Ich mochte Marianne von Herzen gern, also fuhr ich nach München. Aber wo ist «bei Mark»? Dass sie Mark Spitz gemeint hatte, das war klar. In diesen Tagen war dieser Mann der grösste Star der Welt. Den kann man nicht einfach treffen. Zugleich aber dachte ich, wenn es jemand kann, dann Marianne. Was wird sie tun? Mit dem unbedingten Zutrauen eines vierzehnjährigen verliebten Mädchens wird sie sich durch die Stadt zum olympischen Dorf fragen und dort zu den amerikanischen Sportlern und dort zu Mark Spitz. Also, dachte ich, mache ich es genauso. Und ich traf sie. Sie sass, an die Wand einer Baracke gelehnt, im amerikanischen Bezirk und lachte mir entgegen. Sie habe, rief sie mir schon von Weitem zu, Mark Spitz getroffen. Er habe sie auf eine Jause eingeladen und ihr eine Limonade spendiert. Und dann habe er ihr einen Kuss gegeben. Auf den Mund. Hundertprozentig. «Gott, ich lüge nicht!»
Was soll ich sagen: Ich glaubte ihr.
«Glaubst du mir?», fragte sie.
«Ich glaube dir», sagte ich.
«Hundertprozentig?»
«Hundertprozentig.»
Sie war glücklich. Wir gingen den weiten Weg in die Stadt, und dort lud ich sie auf ein Eis ein, nicht irgendein Eis, sondern ein sechsstöckiges, das nur zur Hälfte abgeschleckt werden konnte, der Rest tropfte ihr über die Hand und den Ärmel hinunter auf die Beine und die Schuhe, es war ein sehr heisser Tag. Sie lachte darüber. Sie war glücklich. Über und über.

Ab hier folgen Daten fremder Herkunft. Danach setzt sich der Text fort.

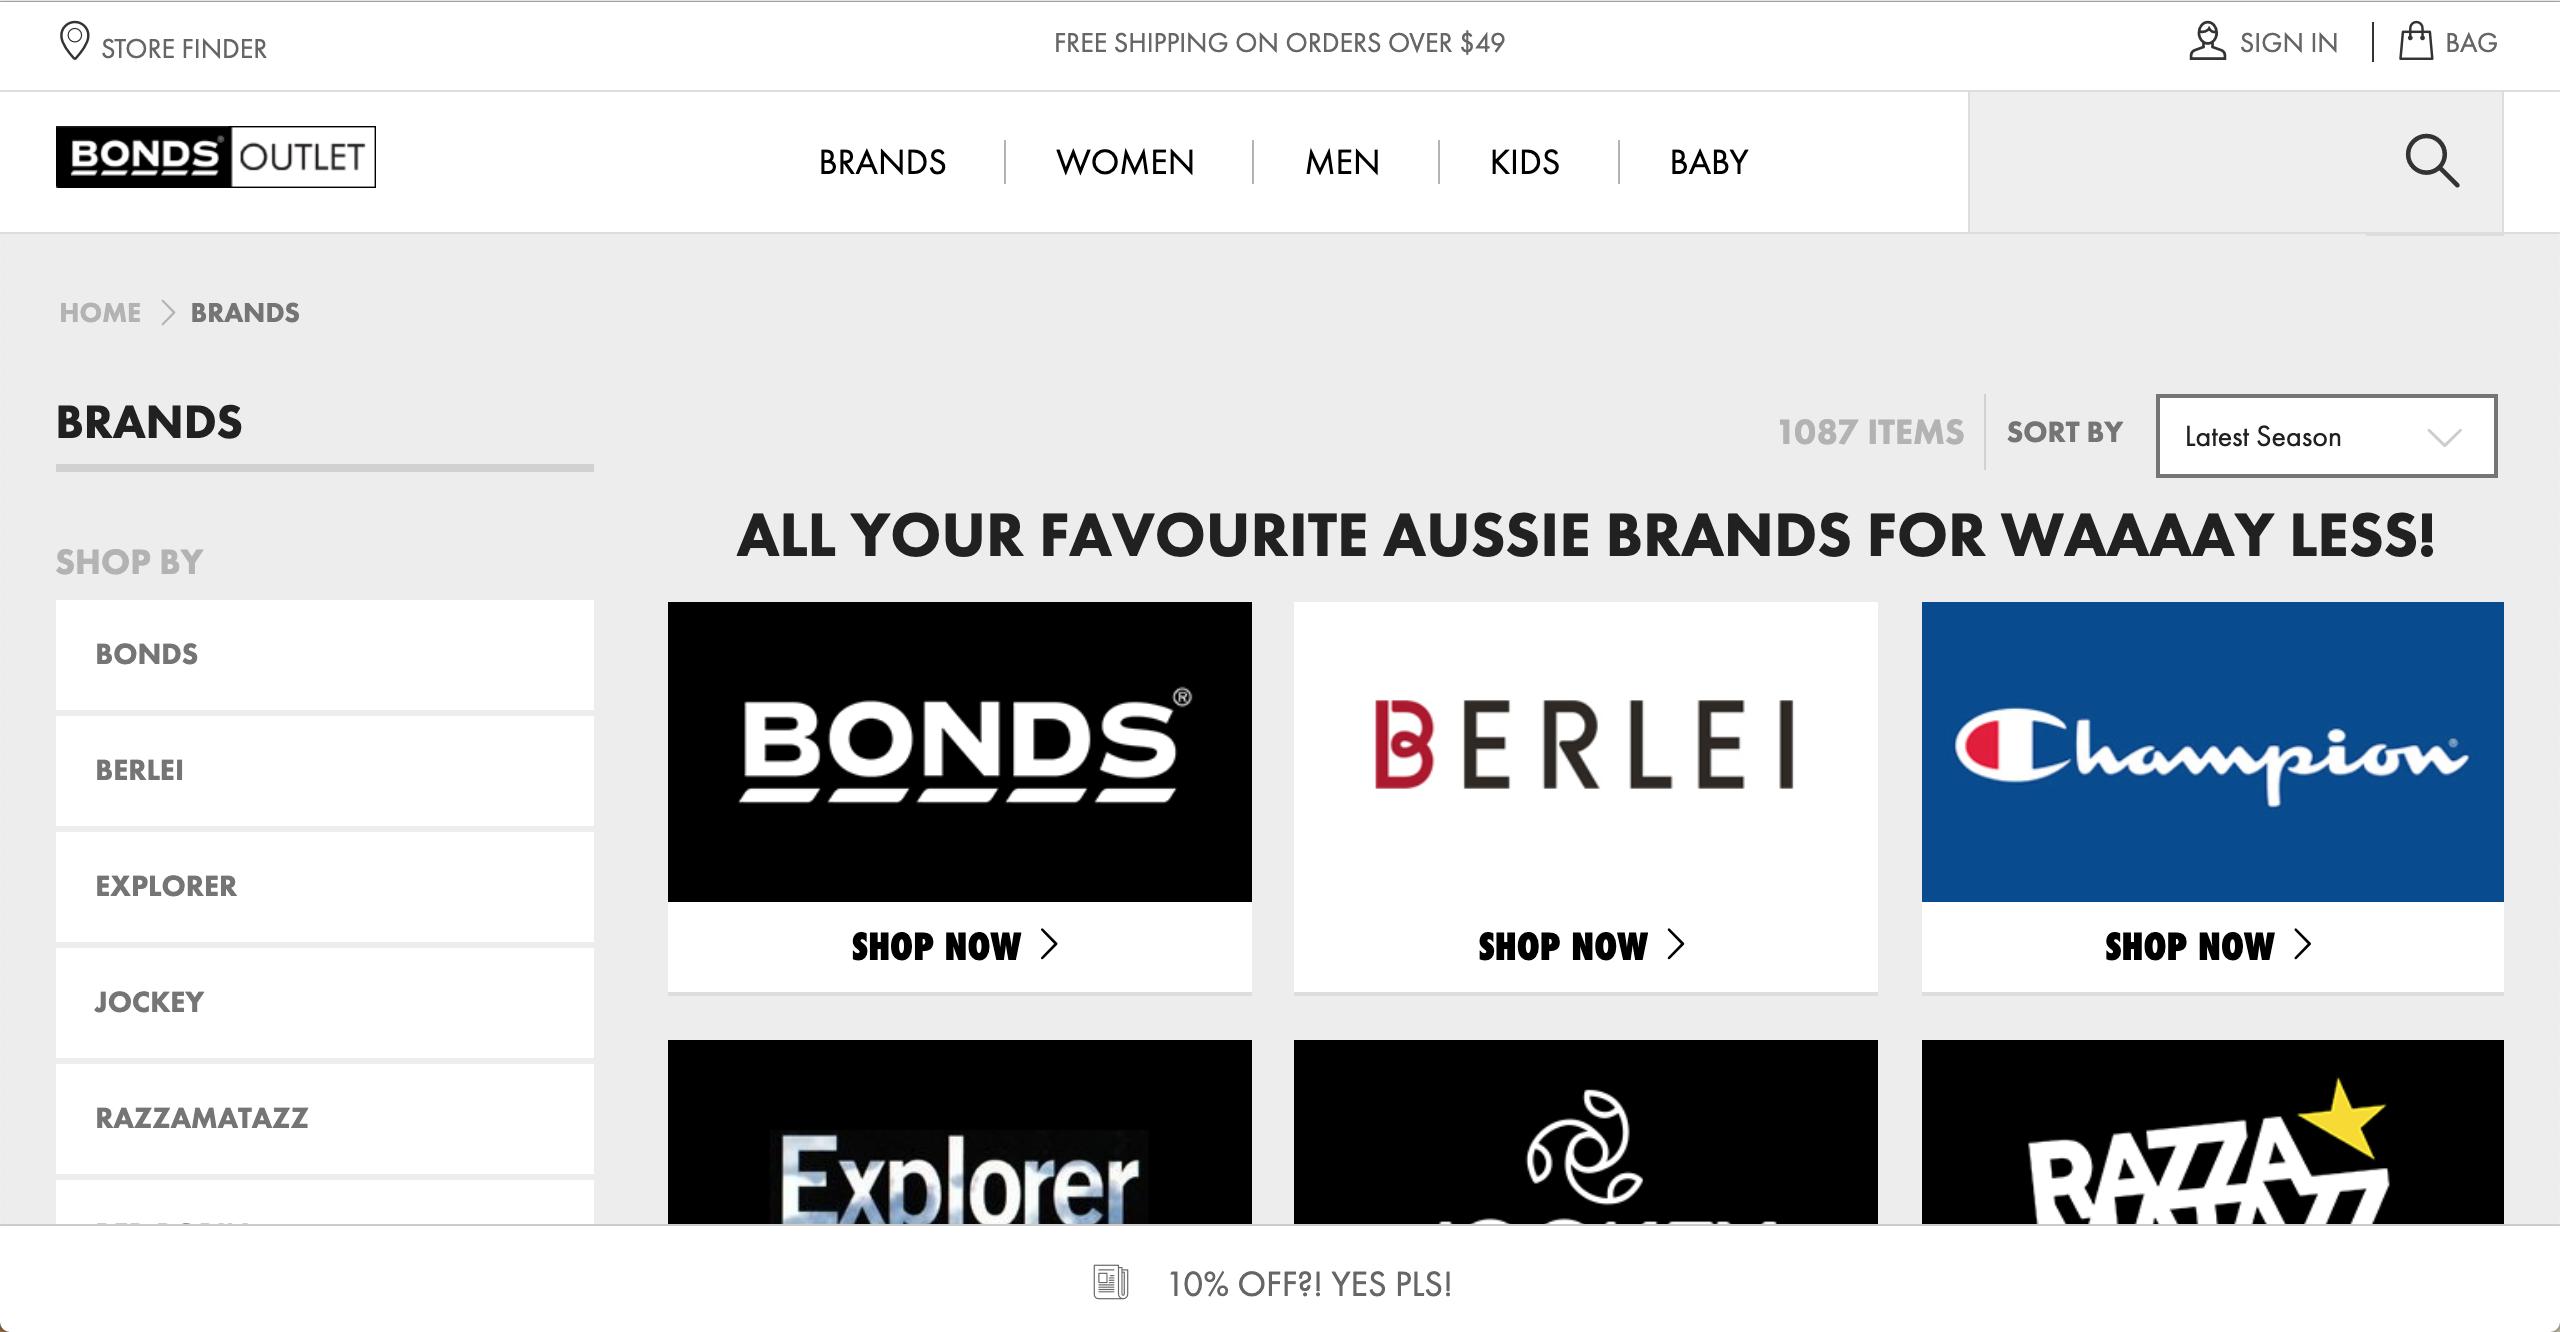 Bonds Outlet Brands
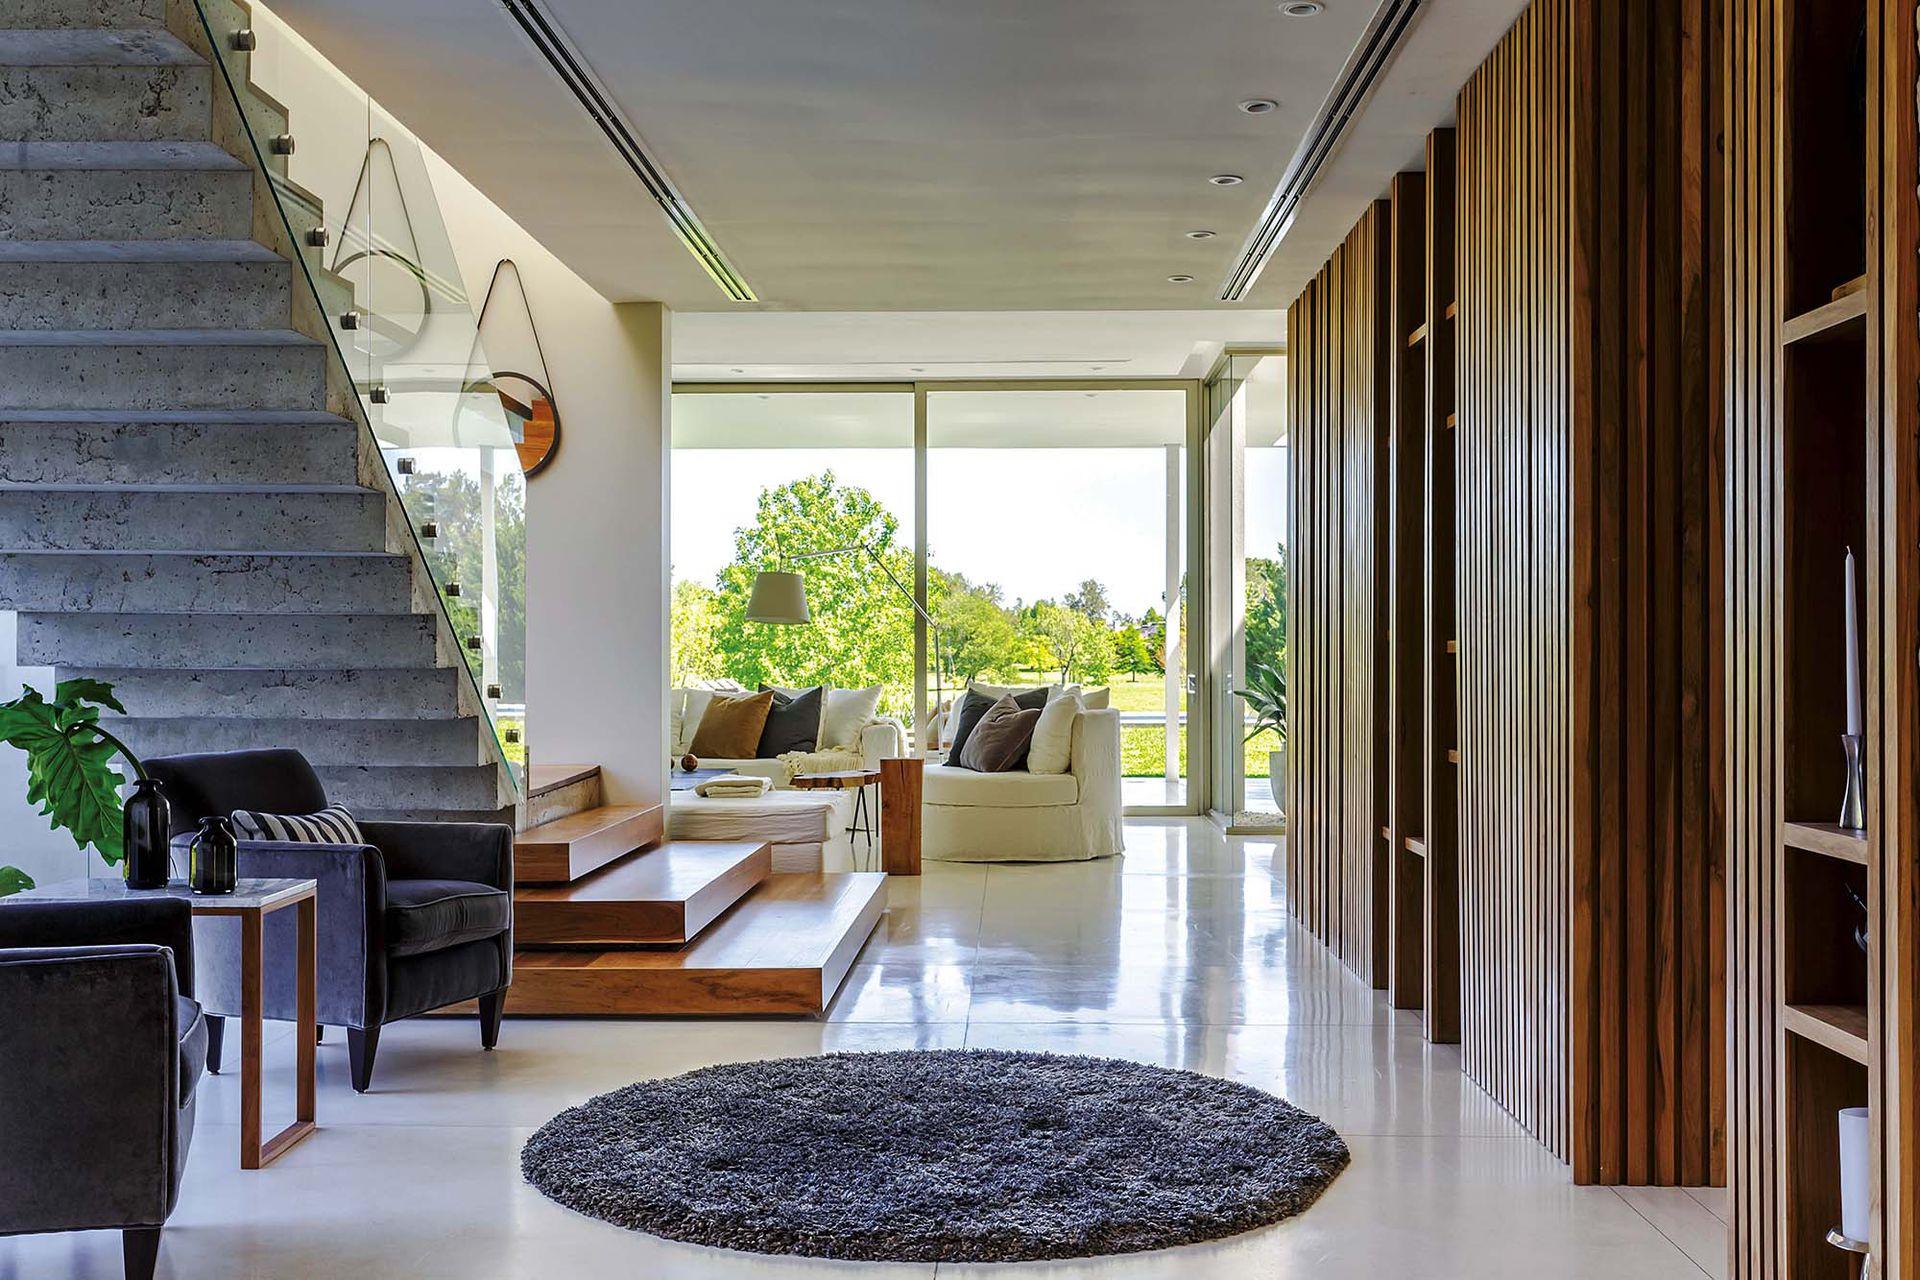 A un lado del hall, mueble divisor en petiribí (Fernando Moy) con espacios de guardado y columnas que se van separando gradualmente a medida que avanzan hacia el ventanal. Dentro de su estructura hay una puerta oculta hacia la cocina.

«Also erzähl», sagte ich. «Wie ist er?»
Sie wollte gerade beginnen – ich schwöre –, da war um uns herum plötzlich ein Tumult – Polizeisirenen heulten, Menschen schrien, Durchsagen ertönten. Was war geschehen? Terroristen hatten das Haus des israelischen Olympiateams gestürmt, zwei Männer erschossen und die anderen als Geiseln genommen. Einer neben uns sagte, sie hätten auch Mark Spitz in ihrer Gewalt, er sei zwar Amerikaner, aber Jude, und die Terroristen wollten alle Juden töten.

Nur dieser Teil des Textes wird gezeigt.